Work task: Could you transcribe every record below exactly as it stands?

----- Working data -----

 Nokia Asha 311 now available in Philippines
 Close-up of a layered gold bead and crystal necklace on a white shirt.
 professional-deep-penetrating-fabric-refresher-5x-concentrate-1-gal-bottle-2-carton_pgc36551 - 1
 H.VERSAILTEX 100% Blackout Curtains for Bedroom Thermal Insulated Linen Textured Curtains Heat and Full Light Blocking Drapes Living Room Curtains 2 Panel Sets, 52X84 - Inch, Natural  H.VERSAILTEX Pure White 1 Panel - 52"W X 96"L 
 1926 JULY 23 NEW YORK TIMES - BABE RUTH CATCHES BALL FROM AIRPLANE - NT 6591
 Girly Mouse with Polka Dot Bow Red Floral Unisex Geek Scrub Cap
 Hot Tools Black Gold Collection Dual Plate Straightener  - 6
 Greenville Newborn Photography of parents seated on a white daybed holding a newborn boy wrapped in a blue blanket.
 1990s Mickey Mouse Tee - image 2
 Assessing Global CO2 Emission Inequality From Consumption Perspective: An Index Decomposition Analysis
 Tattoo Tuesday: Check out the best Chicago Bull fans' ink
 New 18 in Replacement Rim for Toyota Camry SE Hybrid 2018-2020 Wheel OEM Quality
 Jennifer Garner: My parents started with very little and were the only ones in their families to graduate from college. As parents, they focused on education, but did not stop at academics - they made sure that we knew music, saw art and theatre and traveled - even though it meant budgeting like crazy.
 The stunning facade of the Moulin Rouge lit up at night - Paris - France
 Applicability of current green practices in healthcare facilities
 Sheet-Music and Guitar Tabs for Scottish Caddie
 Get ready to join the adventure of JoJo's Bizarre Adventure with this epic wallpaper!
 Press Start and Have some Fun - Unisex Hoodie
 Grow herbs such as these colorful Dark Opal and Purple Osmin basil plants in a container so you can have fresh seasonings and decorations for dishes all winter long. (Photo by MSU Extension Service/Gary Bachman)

-----

Answer below:
 Nokia Asha 311 now available in Philippines
 Close-up of a layered gold bead and crystal necklace on a white shirt.
 professional-deep-penetrating-fabric-refresher-5x-concentrate-1-gal-bottle-2-carton_pgc36551 - 1
 H.VERSAILTEX 100% Blackout Curtains for Bedroom Thermal Insulated Linen Textured Curtains Heat and Full Light Blocking Drapes Living Room Curtains 2 Panel Sets, 52X84 - Inch, Natural  H.VERSAILTEX Pure White 1 Panel - 52"W X 96"L 
 1926 JULY 23 NEW YORK TIMES - BABE RUTH CATCHES BALL FROM AIRPLANE - NT 6591
 Girly Mouse with Polka Dot Bow Red Floral Unisex Geek Scrub Cap
 Hot Tools Black Gold Collection Dual Plate Straightener  - 6
 Greenville Newborn Photography of parents seated on a white daybed holding a newborn boy wrapped in a blue blanket.
 1990s Mickey Mouse Tee - image 2
 Assessing Global CO2 Emission Inequality From Consumption Perspective: An Index Decomposition Analysis
 Tattoo Tuesday: Check out the best Chicago Bull fans' ink
 New 18 in Replacement Rim for Toyota Camry SE Hybrid 2018-2020 Wheel OEM Quality
 Jennifer Garner: My parents started with very little and were the only ones in their families to graduate from college. As parents, they focused on education, but did not stop at academics - they made sure that we knew music, saw art and theatre and traveled - even though it meant budgeting like crazy.
 The stunning facade of the Moulin Rouge lit up at night - Paris - France
 Applicability of current green practices in healthcare facilities
 Sheet-Music and Guitar Tabs for Scottish Caddie
 Get ready to join the adventure of JoJo's Bizarre Adventure with this epic wallpaper!
 Press Start and Have some Fun - Unisex Hoodie
 Grow herbs such as these colorful Dark Opal and Purple Osmin basil plants in a container so you can have fresh seasonings and decorations for dishes all winter long. (Photo by MSU Extension Service/Gary Bachman)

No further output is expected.